Aspose.PDF.Drawing Converting PDF to Docx in Linux word splitting issue

IBurzoEvoRWS · June 20, 2025, 5:38am

Hello.
Library used here is
Aspose.PDF.Drawing [25.6.0], but tested with [25.5.0] as well.

We are using linux containers using amazon linux 2023 base image, and when trying to convert
a PDF document to Docx, we get some weird behavior that is not the same under windows.
It seems that random words in the generated Docx get new empty spaces mid-words, for example the text “Thomas Edison” in PDF results in "T homas E dison " in the Docx generated under linux.

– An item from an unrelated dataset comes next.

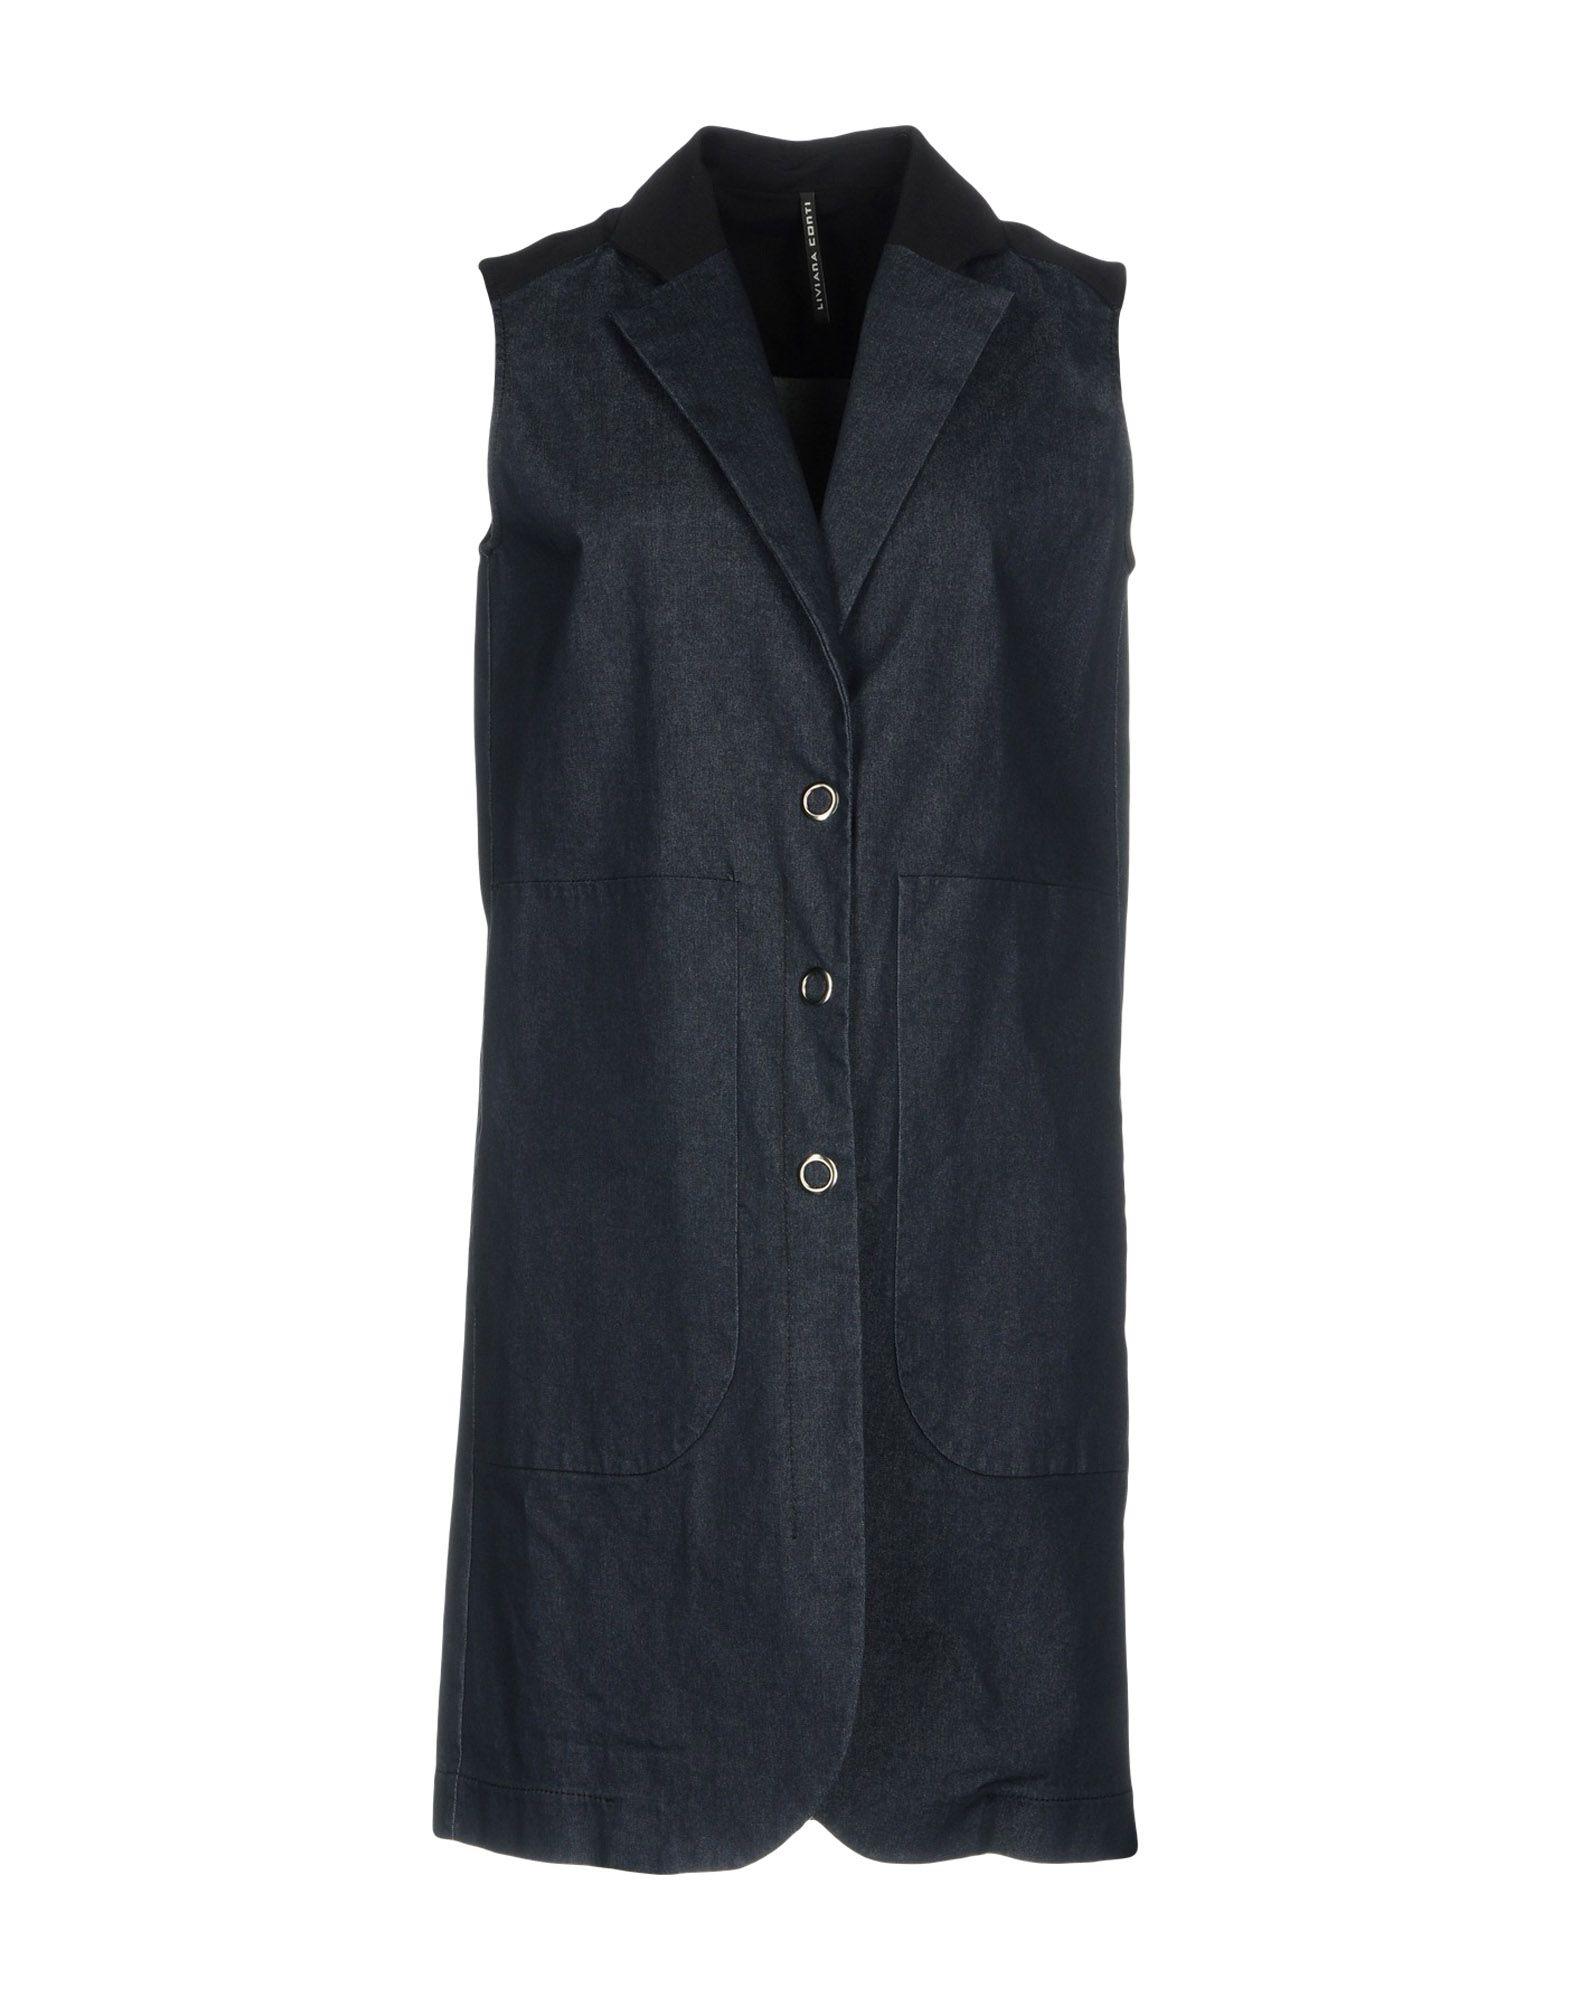 цены на LIVIANA CONTI Джинсовая верхняя одежда в интернет-магазинах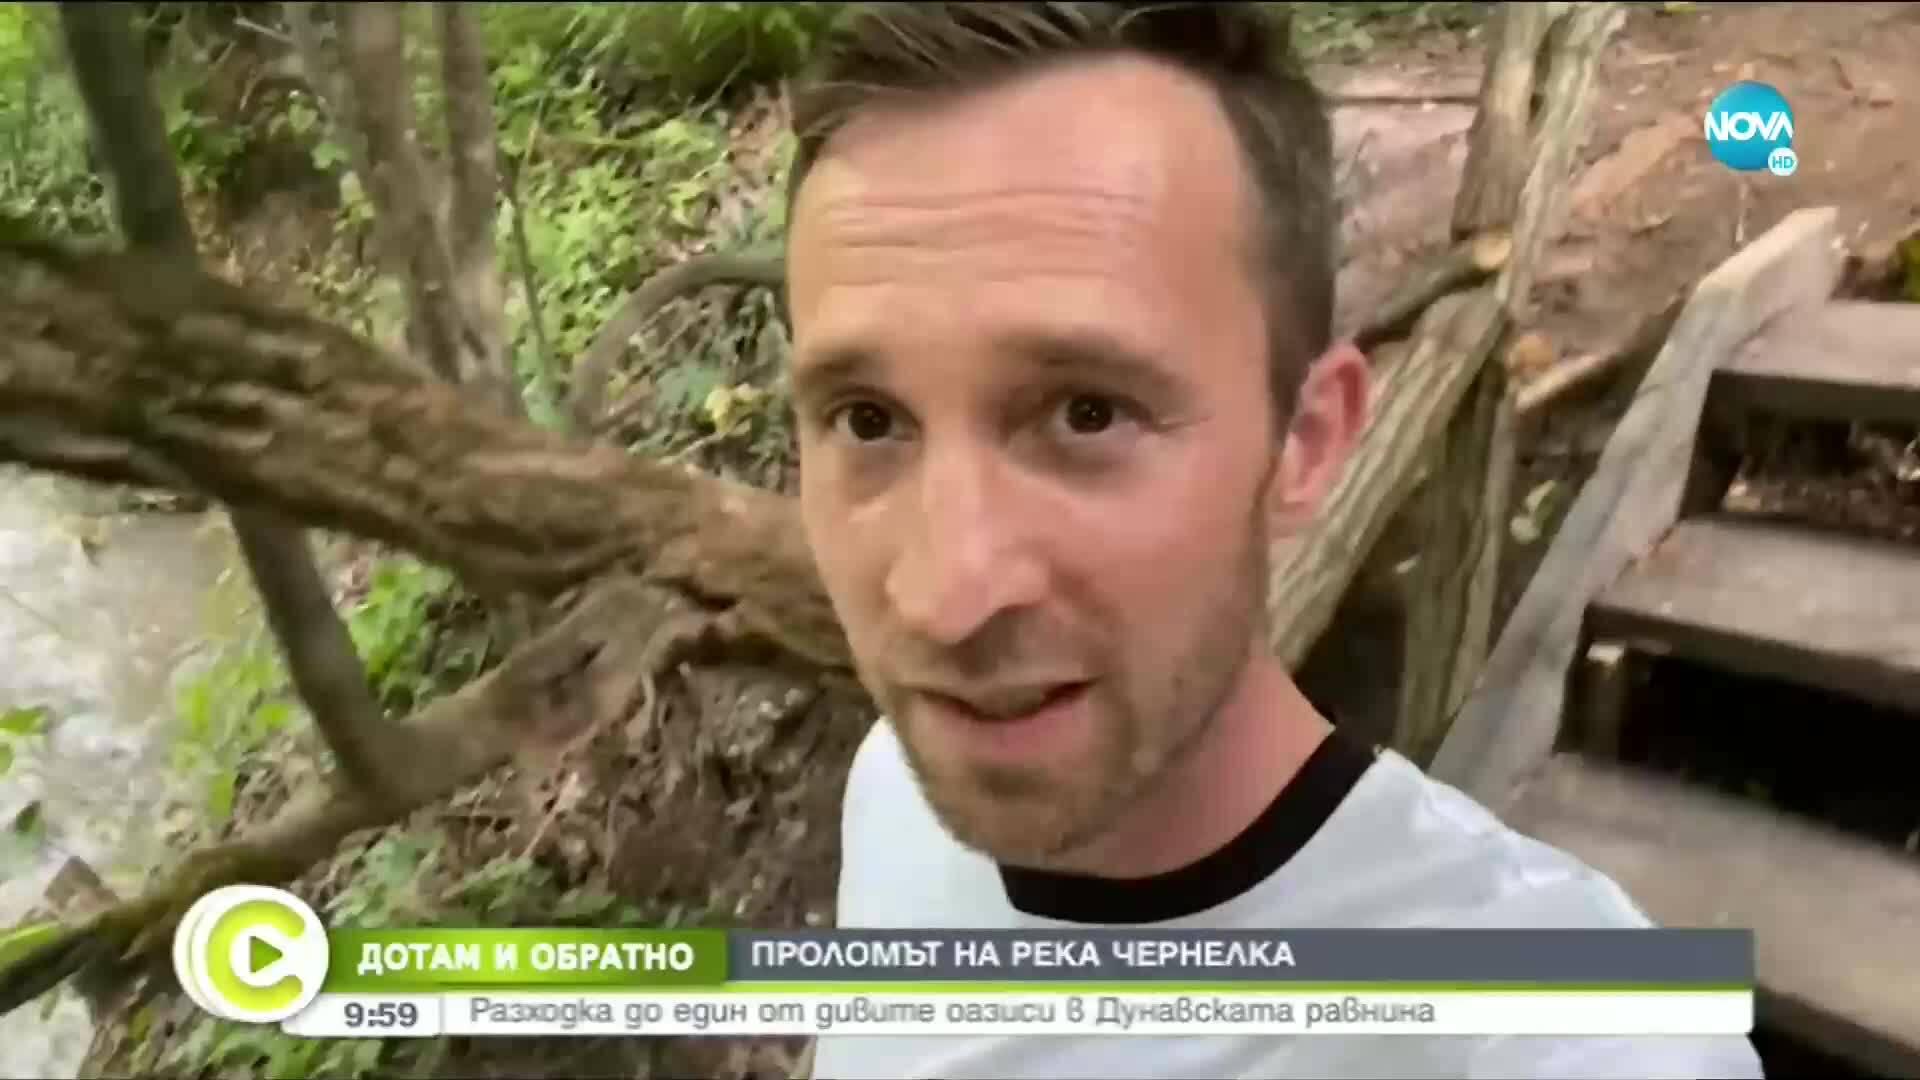 """""""ДОТАМ И ОБРАТНО"""": Разходка до каньона на река Чернелка"""

Attached here is an archive with the original PDF used “Thomas Edison.pdf” as well as the generated Docx (the docx names contain the versions tested, both 25.5.0 and 25.6.0)
Edison.7z (1010.0 KB)

The bigger problem here is that the hyperlinked words are also “split” and thus resulting in a lot of hyperlink duplication in the docx itself, leading to issues on our end when we extract the content and/or further convert the docx to HTML using Aspose.Words

The conversion code used is the following:

Assembly asposePdfAssembly = Assembly.GetAssembly(typeof(Aspose.Pdf.Document));
Version asposeVersion = asposePdfAssembly.GetName().Version;
var pdfFilePath = “/app/Thomas Edison.pdf”;
var asposePdfSavePath = “/app/Thomas Edison”;

using (var pdfDocument = new Aspose.Pdf.Document(pdfFilePath))
{
var saveOptions = new DocSaveOptions
{
Format = DocSaveOptions.DocFormat.DocX,
Mode = DocSaveOptions.RecognitionMode.Flow,
RecognizeBullets = true,
AddReturnToLineEnd = false,
RelativeHorizontalProximity = 2.5f
};
try
{
pdfDocument.Save($“{asposePdfSavePath}{asposeVersion}.docx”, saveOptions);
Console.WriteLine(“<> OK”);
}
catch (Exception ex)
{
throw ex;
}
}

Please confirm if this reproduces on your end or do we need to change something regarding our options, thank you!

asad.ali · June 20, 2025, 10:45am

@IBurzoEvoRWS

The code snippet seems fine and this issue looks like related to specific PDF document.

We have opened the following new ticket(s) in our internal issue tracking system for further analysis and investigation. We will investigate and will deliver the fixes according to the terms mentioned in Free Support Policies.

Issue ID(s): PDFNET-60150

You can obtain Paid Support Services if you need support on a priority basis, along with the direct access to our Paid Support management team.